Early on the first and fifteenth of every moon, the civil and military officers, dressed in their uniform, meet in a clean, spacious, public hall. The superintendent who is called Lee-Sang (lisheng) calls aloud, "stand forth in files.” They do so, according to their rank: he then says; "kneel thrice, and bow the head nine times." They kneel, and bow to the ground, with their faces towards a platform, on which is placed a board with the Emperor's name. He next calls aloud, "rise and retire." They rise, and all go to a hall, or kind of chapel, where the law is usually read; and where military and people are assembled standing round in silence.

The Lee Sang then says, "Respectfully commence." The Sze-kian Sang [sijiangsheng or orator], advancing towards an incense-altar, kneels; reverently takes up the board on which the maxim appointed for the day is written, and ascends a stage with it. An old man receives the board, and puts it down on the stage, fronting the people. Then, commanding silence with a wooden rattle which he carries in his hand, he kneels, and reads it. When he has finished, the Lee-Sting calls out, "Explain such a section, or maxim, of the sacred edict." The orator stands up, and gives the sense. In reading and expounding other parts of the law, the same forms are also observed.

Country magistrates sent to frontier areas could use the occasion to deliver lectures to non-Han peoples on the virtues of Confucian culture. One commented on the need to expound the Edicts: "though the Yao are a different type of people, they possess a human nature. I ought to treat them with sincerity."

Many Chinese and outsiders agreed that by the 19th century, the readings had become empty ritual. Yet others respected the power of the Sacred Edicts. Guo Moruo, the Marxist and New Culture iconoclast, wrote in his autobiography that in his youth he and other villagers loved to hear the lecturer on the Sacred Edict who would come around. He set up tables with incense and candles on a street corner as offerings to the book. Then lecturer would first knock his head on the ground four times, recite the maxims, and start telling stories. Victor Mair comments that this popular form of story telling was probably more effective in spreading Confucian values than the condescending lectures of the scholars and officials.

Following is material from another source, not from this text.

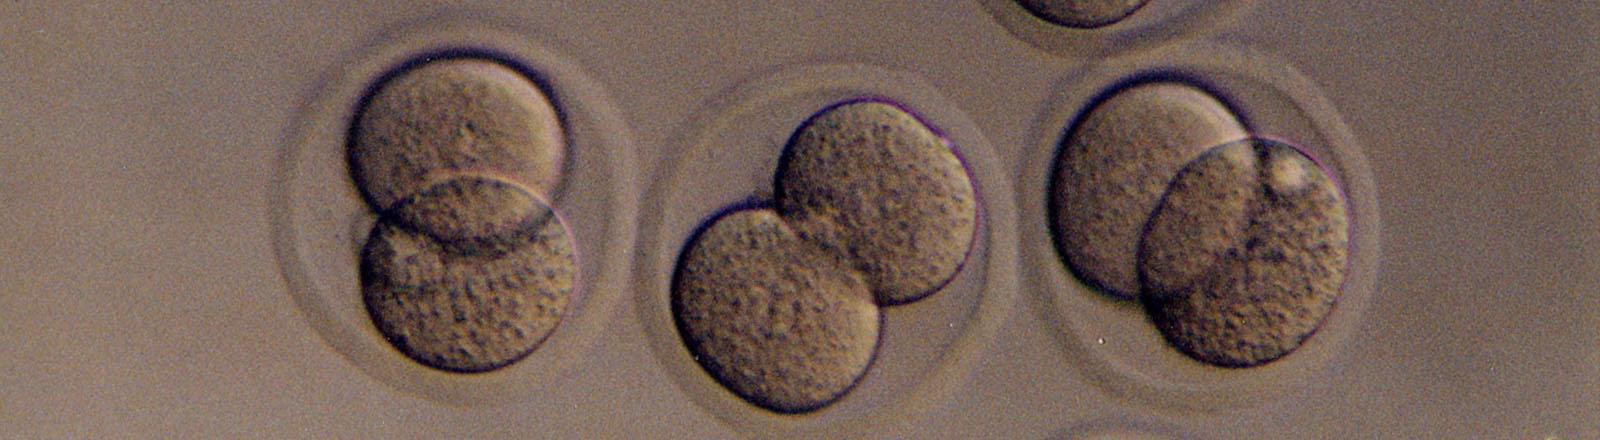 生物学 embryo image
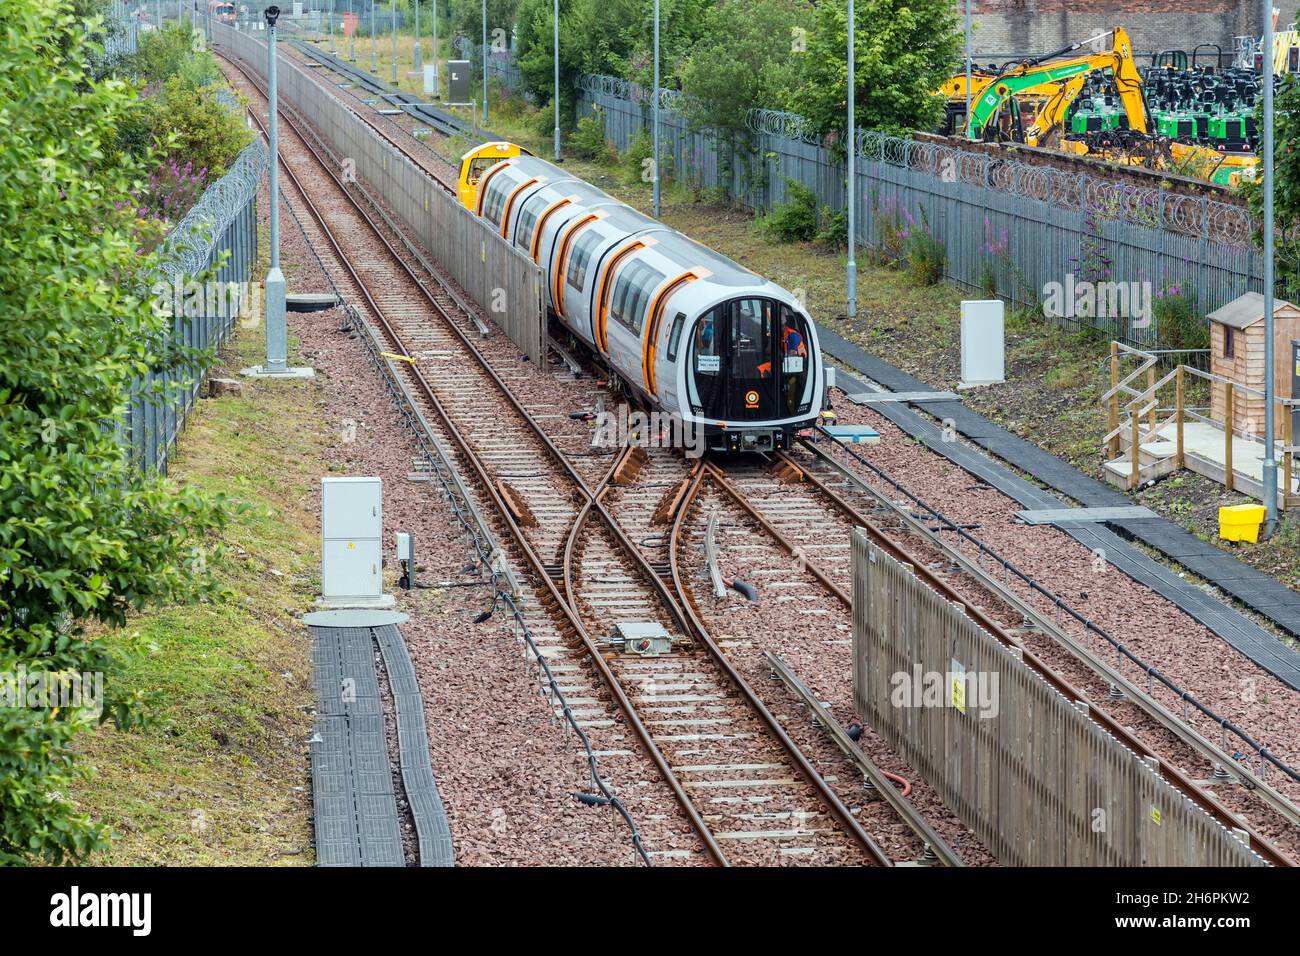 Glasgow Subway / Underground Trains, die Tests auf Außenbahnen durchlaufen, Glasgow, Schottland, Großbritannien Stockfoto

One western scholar traveling in China in the 1870s reported that the widespread dissemination of the Sacred Edict following the mid-century Taiping Rebellion "proved a serious blow to the immediate spread of Christianity."

==Translations==

Since the language was relatively straightforward and the significance apparent, many western students of Chinese made translations. The first appeared in 1817, by William Milne, a missionary. It included Wang Youpu's Direct Explanation, as well. The Sacred Edict; Containing Sixteen Maxims of the Emperor Kang-He (London: Black, Kingsbury, Parbury, and Allen, 1817; rpr. 1870). F.W. Baller in 1892 published The Sacred Edict: Shen Yü Kuang Hsün, with a Translation of the Colloquial Rendering 聖諭廣訓. (Shanghai; Philadelphia: China Inland Mission, 6th ed., 1924).